Figure 4 shows the graphs that show the statistical values of motion vectors of the four kinds of videos after editing the image frame to contain suspicious behavior in the 40th frame. A legend ‘value’ shown in Figure 4a means the minimum, maximum, and average value of the motion vector, and Figure 4b means the standard deviation value of the motion vector. After the motion vector was extracted from these edited videos, the statistical information of the motion vector was analyzed. As we can see in Figure 4a, the motion vector value was maximized near 40 frames of each video. This was because each video contained suspicious behavior (crashes, drowsiness, falls, etc.) near the 40th frame. Since the sizes of objects showing suspicious behavior are slightly different for each dataset image, there could be a slight difference in the average value. Figure 4b also shows that there is a large increase in the standard deviation near 40 frames. As a result of extracting and experimenting motion vectors for several videos, the average value is different according to the size of the moving region included in the video, while the value of the standard deviation changes a lot when suspicious behavior appears. Through these experiments, the standard deviation is selected as the criterion value for judging the abnormal behavior, and value 1.2 was selected.

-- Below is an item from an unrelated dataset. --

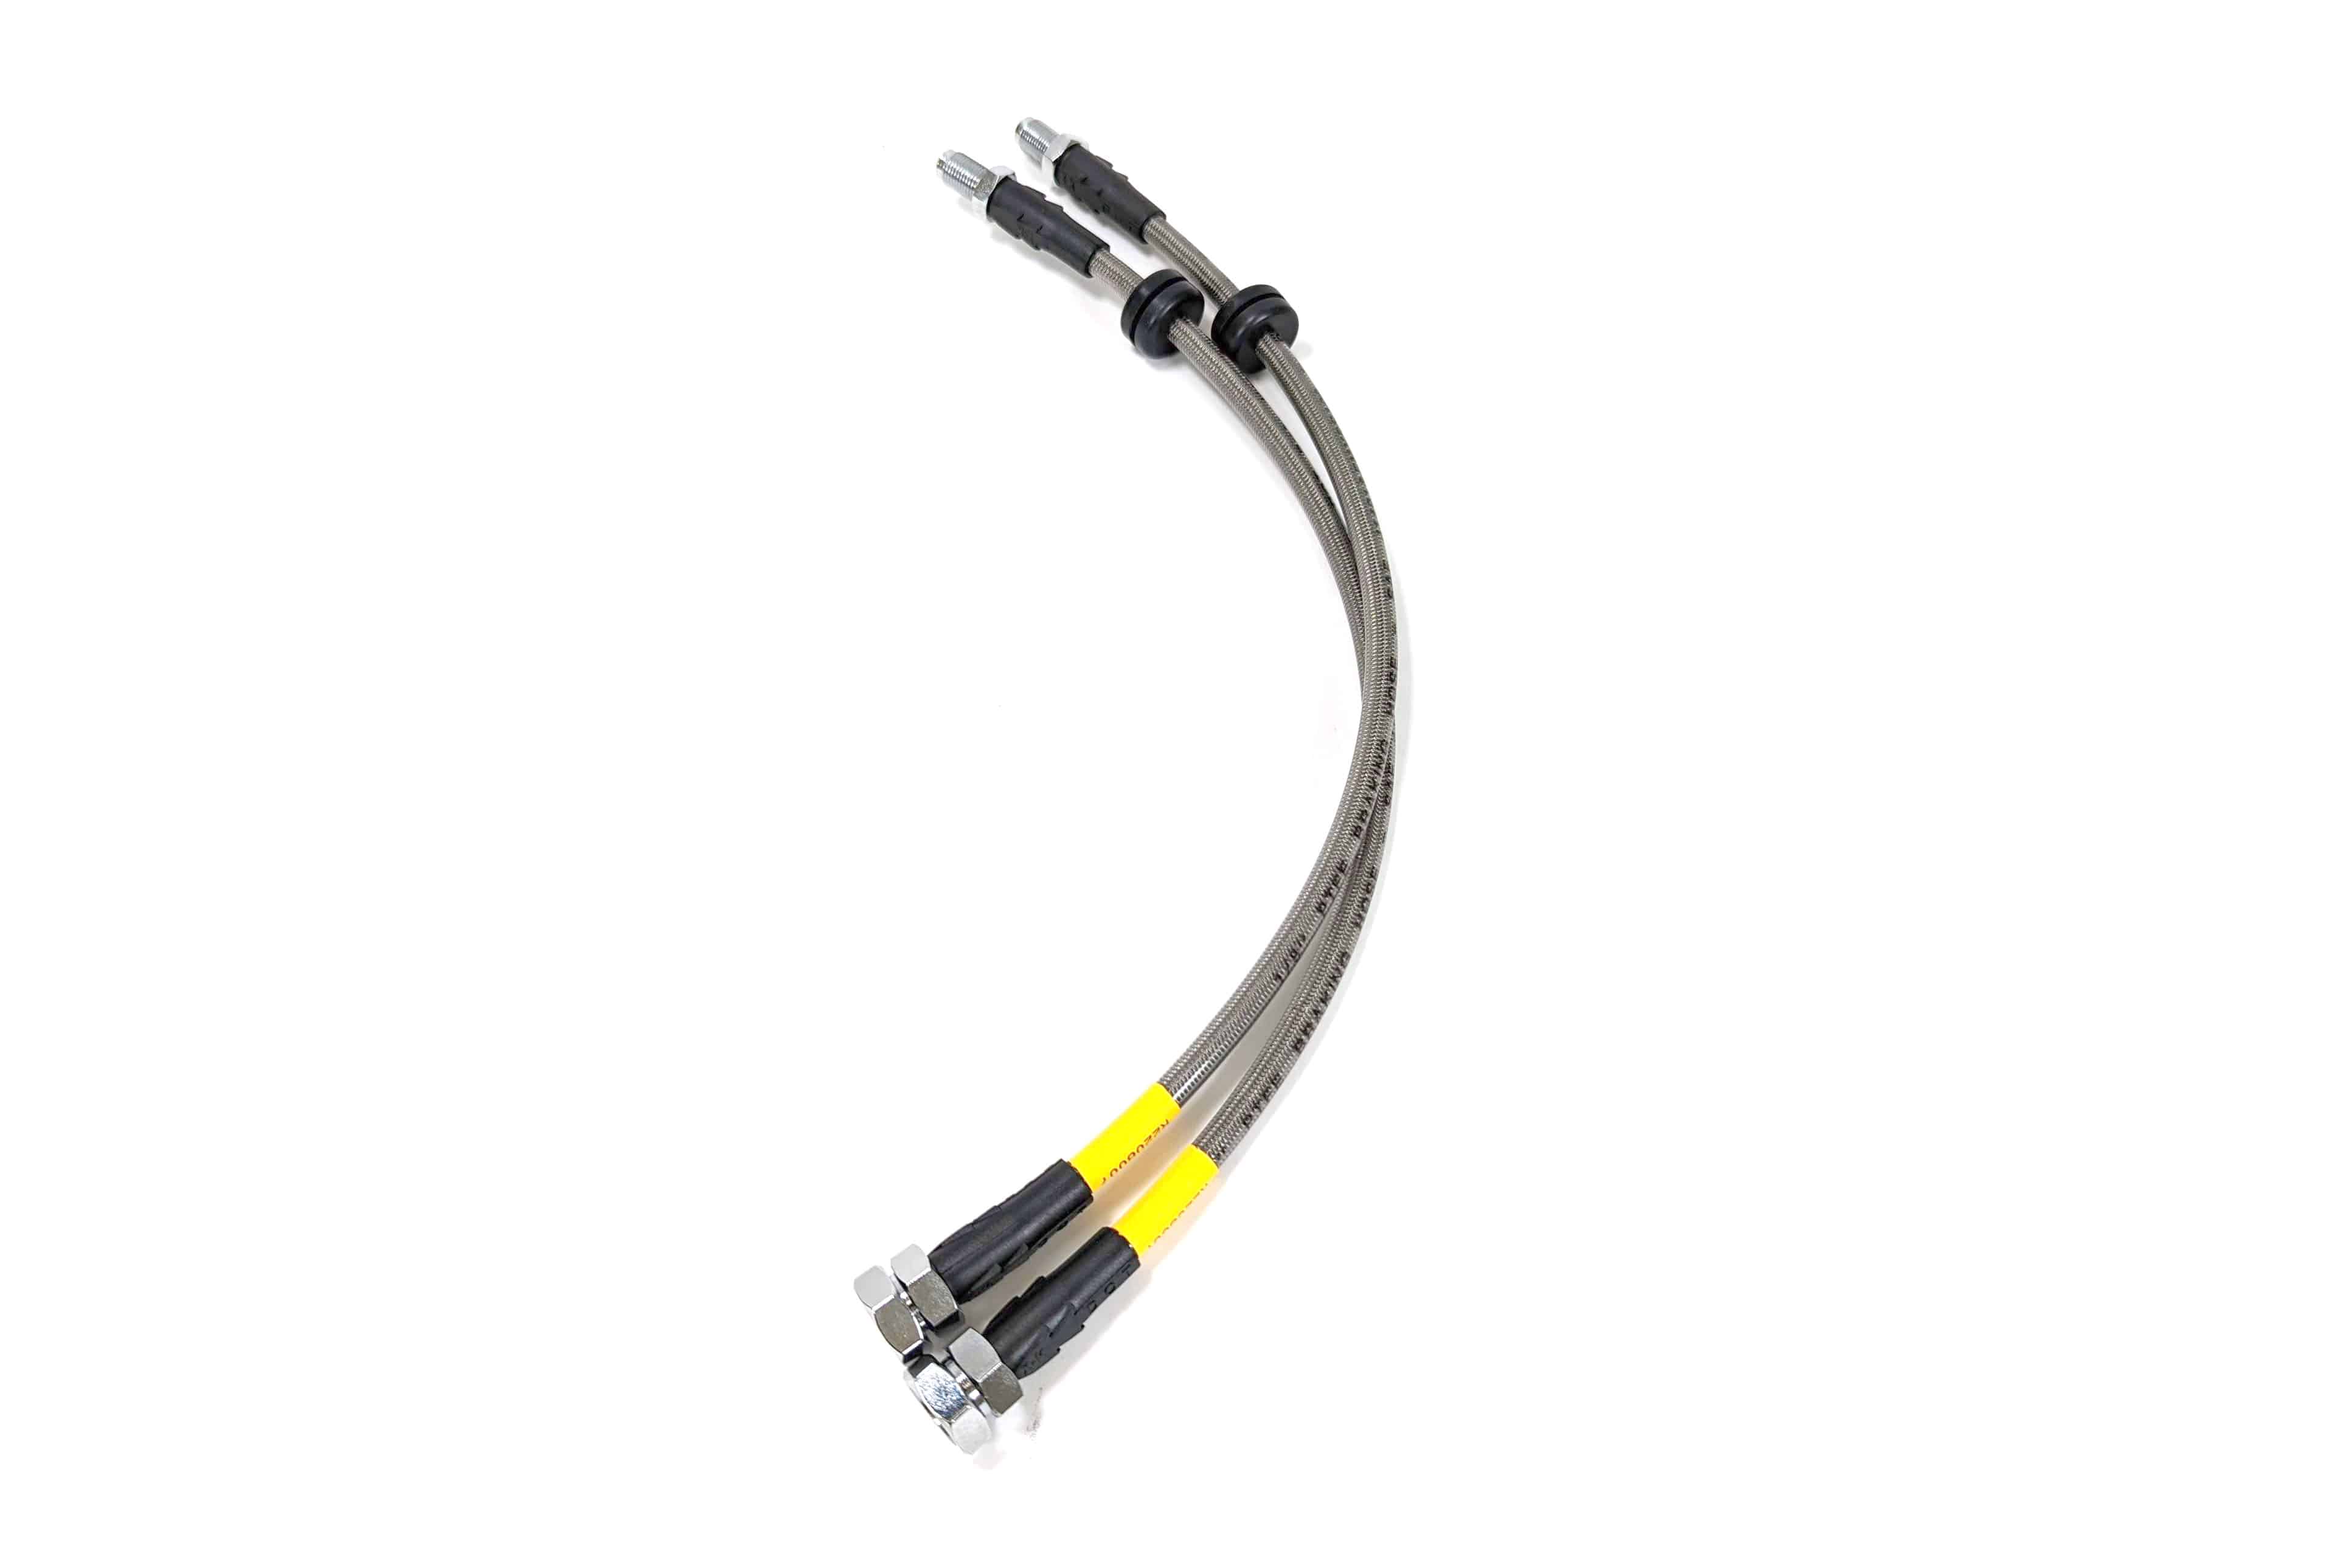 Mazdaspeed 3 brake lines are Protected with a clear PVC coating to keep the braiding free of moisture and debris. Filigree Racing, StopTech, Edge Autosport, Damond Motorsports, Good-Win Racing, Street Unit, Cobb, Racing Beat.

(2) Magnitude Reactivity Map Generation: R_mag

The frame was considered that it contains suspicious behavior when a frame with a standard deviation of the motion vector at the time (t) is greater than 1.2, which was calculated experimentally. The region where the magnitude of the vector is calculated by optical flow at the point (x, y) is larger than the summation of the average, and the variance of the whole image was considered to be the suspicious behavior region. Since the movement is slightly different for each person even when performing the same ordinary behavior, the region was detected based on the summation of the average and the variation. Based on these facts, the magnitude reactivity map (R_mag) is calculated as follows.

\begin{matrix} R_{m a g} = F_{m a g} (x, y, t) \times σ (F_{m a g} (x, y, t)) \\ w h e r e, σ (F_{m a g} (x, y, t)) > 1.2 a n d F_{m a g} (x, y, t) > μ (F_{m a g} (x, y, t)) + σ (F_{m a g} (x, y, t)) \end{matrix}

(2)

Figure 5 shows the magnitude reactivity map generated by the proposed method. Figure 5a shows the video of people gathered at the center of the park moving in various directions simultaneously with any signal. In this video, the suspicious behavior is the sudden movement of people. Figure 5b shows the magnitude feature map in polar coordinates, and with this feature map, we can see the moving area of people. Figure 5c shows the generated final magnitude reactivity map. We can see that the area in which people are running away has been properly detected. Figure 5d shows the detection of anomalous regions based on the magnitude reactivity map. In the scene where several people are running away, we can see that the motion vector is greatly increased, and all of the suspicious behavior is detected.

(3) Gradient Reactivity Map Generation: R_grad

Unlike a group of people who are regularly moving in the same direction, if there is an object moving in the opposite direction, this can be considered suspicious behavior. To detect this behavior, a reactivity map for the gradient feature of the motion vector was generated. First, the motion vector calculated for each pixel is divided into object units to prevent the movement direction of the object and the part included in the object from being different directions. For example, when a man moves to the left with his arms and legs shaking up and down, the main movement direction may be misjudged because of the movement direction of the arms and legs, although the main direction of the man’s movement is left direction. Based on these, the gradient reactivity map (R_grad) is calculated as follows.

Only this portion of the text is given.